Advanced RAG using Langchain | RAG and Agents Bootcamp
Education
Advanced RAG using Langchain | RAG and Agents Bootcamp
Welcome to another insightful session of the RAG Bootcamp by AI Planet. We are excited to have everyone here. Today’s session will explore advanced RAG (Retrieval Augmented Generation) using Langchain. Our speaker, Dr. Shubham Pandey, is an experienced professional in AI, and here's what we will cover:
- Introduction and overview of advanced RAG techniques
- Detailed walkthrough of using Langchain for RAG
- Real-world use cases and demonstrations
The session will start with an introduction to RAG systems, followed by hands-on building of a simple RAG system using Langchain, and finally, extending it to a more advanced conversational RAG system.
What is RAG?
RAG stands for Retrieval Augmented Generation. It is a powerful approach for building question-answering systems and chatbots on custom data. The main advantage is using custom data sources while still leveraging the powerful capabilities of large language models (LLMs) like ChatGPT.
Key steps:
Document Processing and Encoding:
- Data Sourcing: Collecting the data you intend to use.
- Transformation: Converting data formats, e.g., extracting text from PDFs and breaking it into chunks.
- Embedding: Transforming document chunks into embedding vectors using embedding models.
- Storage: Storing the document chunks and their embeddings in a vector database.
Question Answering and Generation:
- Retrieval: Using the embedding vectors to find relevant documents based on user queries.
- Response Generation: Using the retrieved documents to generate human-like responses.
Building a RAG System with Langchain
Here we will build a simple RAG system, focusing on:
- Loading custom data (Wikipedia articles)
- Using OpenAI’s large language model
- Creating embeddings
- Storing embeddings in a vector database (ChromaDB)
- Building retrieval mechanisms
We use Langchain, a library that provides APIs to popular vector databases and pre-trained embedding models. Here’s a quick overview of the process:
Setup and Data Loading:
- Install dependencies: Langchain, OpenAI, ChromaDB.
- Download and preprocess the data.
Creating Embeddings and Vector Database:
- Load the embedding model.
- Break the documents into smaller chunks.
- Convert chunks into embedding vectors and store them in ChromaDB.
Building the Retrieval Pipeline:
- Use cosine similarity for retrieval.
- Test retrieval by querying questions.
Integrating LLM for Answer Generation:
- Use Langchain prompt templates.
- Combine retrieved documents with user queries to generate responses.
The basic RAG system answers questions in isolation, meaning it doesn't retain memory. To address this, we move on to building a conversational RAG system.
Conversational RAG System
A conversational RAG system remembers historical messages, enabling it to handle follow-up questions more effectively.
Steps:
Historical Message Handling:
- Store historical conversations.
- Use the history to rephrase the current query if needed.
Building the Conversational Pipeline:
- Implement history-aware query rephrasing.
- Retrieve relevant documents using the rephrased query.
- Generate responses with an updated prompt template that includes historical messages.
Testing the Conversational RAG:
- Validate by asking sequential questions and observing context-aware responses.
Keywords
- RAG (Retrieval Augmented Generation)
- Langchain
- LLM (Large Language Model)
- Embedding
- Vector Database
- Conversational RAG
- OpenAI
- ChromaDB
- Query Rephrasing
- Prompt Template
Frequently Asked Questions (FAQ)
What are the main components of a RAG system?
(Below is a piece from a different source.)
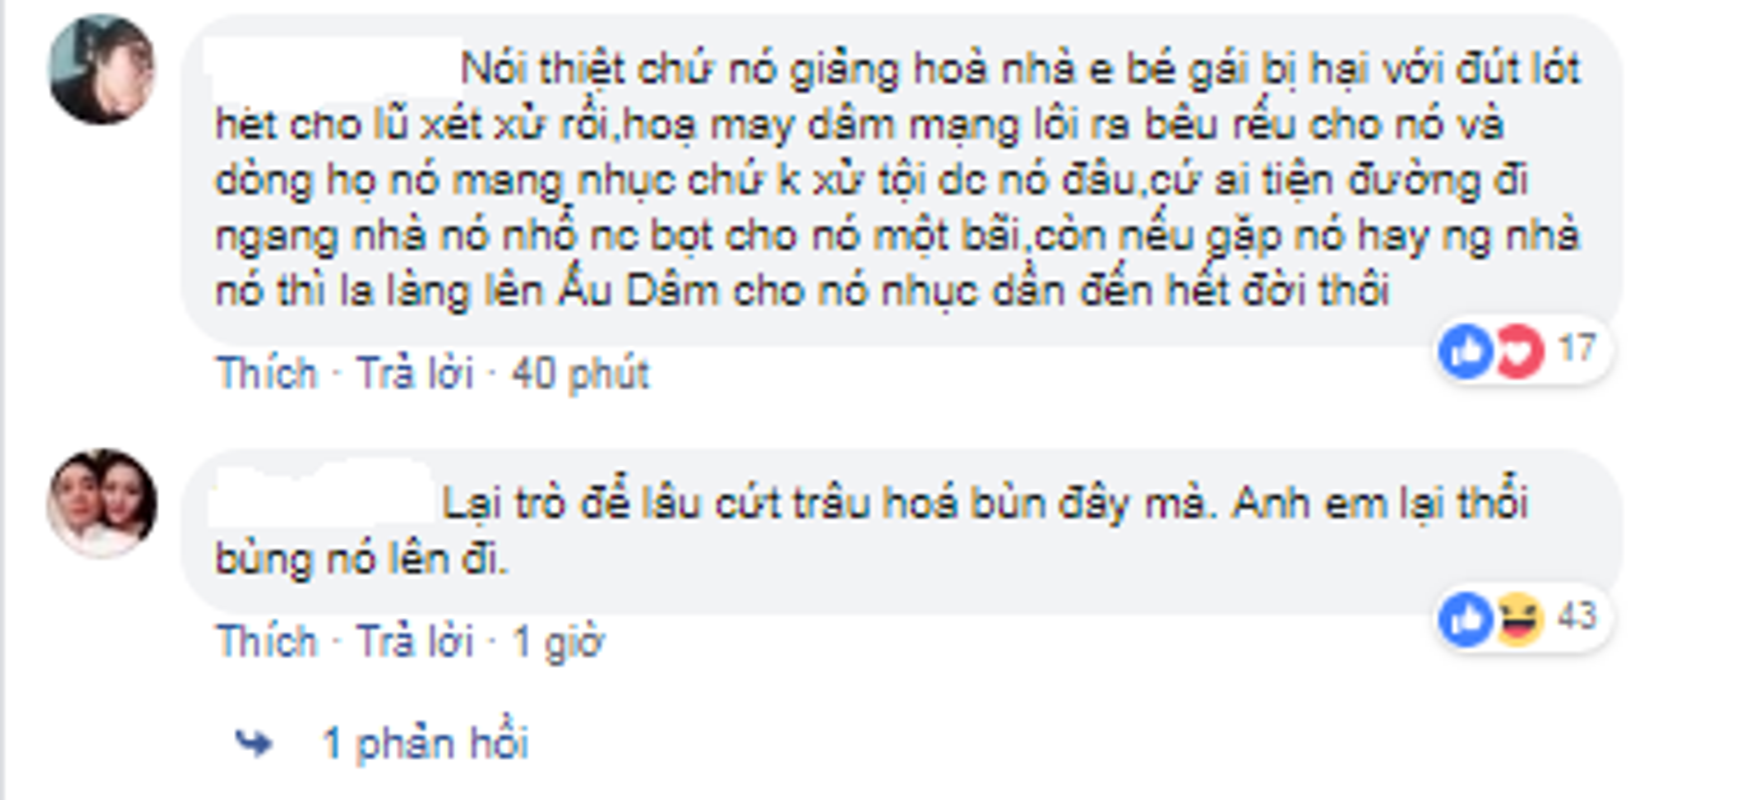 CDM lai day song vu cuong hon be gai trong thang may-Hinh-6
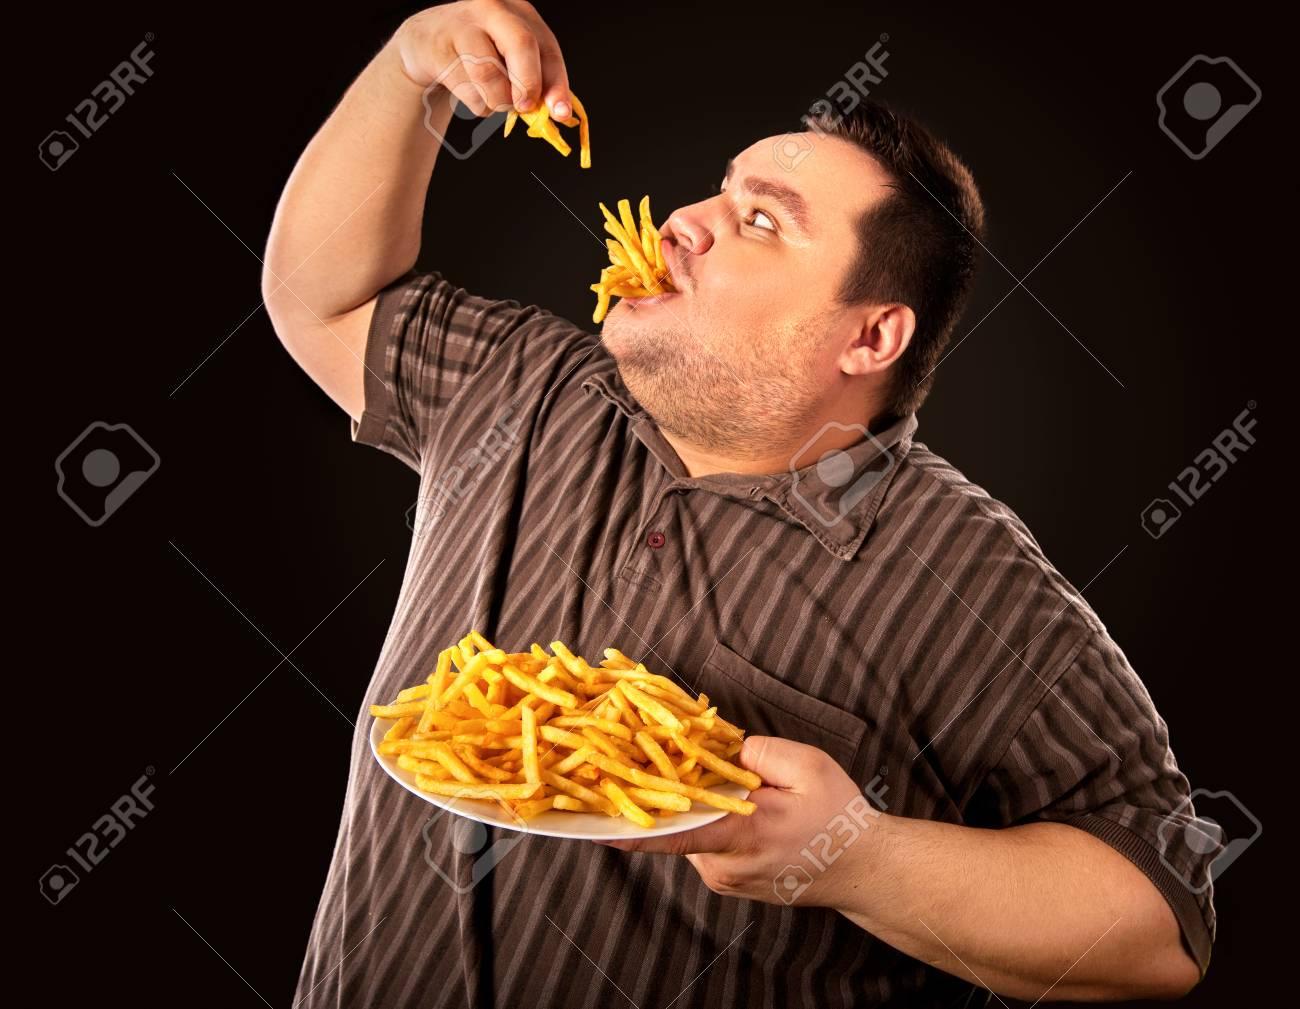 Fracaso De La Dieta Del Hombre Gordo Comiendo Comida Rápida. Persona Con Sobrepeso Que Echó A Perder Alimentos Saludables Al Comer Papas Fritas. La Comida Chatarra Conduce A La Obesidad. La Persona

The main components are document processing, creating embeddings, storing them in a vector database, retrieving relevant documents, and using an LLM for generating responses.
What challenges does a basic RAG system face? A basic RAG system cannot handle follow-up questions or maintain conversational context.
How does Langchain assist in building a RAG system? Langchain facilitates connecting to various embedding models and vector databases, building retrieval pipelines, and creating prompt templates for LLMs.
Why use embeddings for text data? Embeddings represent the semantic meaning of text, allowing for effective similarity searches in retrieval tasks.
What is the purpose of query rephrasing in a conversational RAG system? Query rephrasing uses historical conversation context to reformulate follow-up questions, enabling more relevant document retrieval and responses.
Can a RAG system be run locally? Yes, a RAG system can be run on a local machine, especially when not using GPU-intensive models.
How does a vector database enhance a RAG system? A vector database stores embeddings and provides efficient retrieval mechanisms based on similarities, crucial for the RAG workflow.
By following these steps and incorporating Langchain's capabilities, you can effectively build and enhance RAG systems for various applications. This session sheds light on building not just basic but also advanced conversational RAG systems that are more contextual and user-friendly.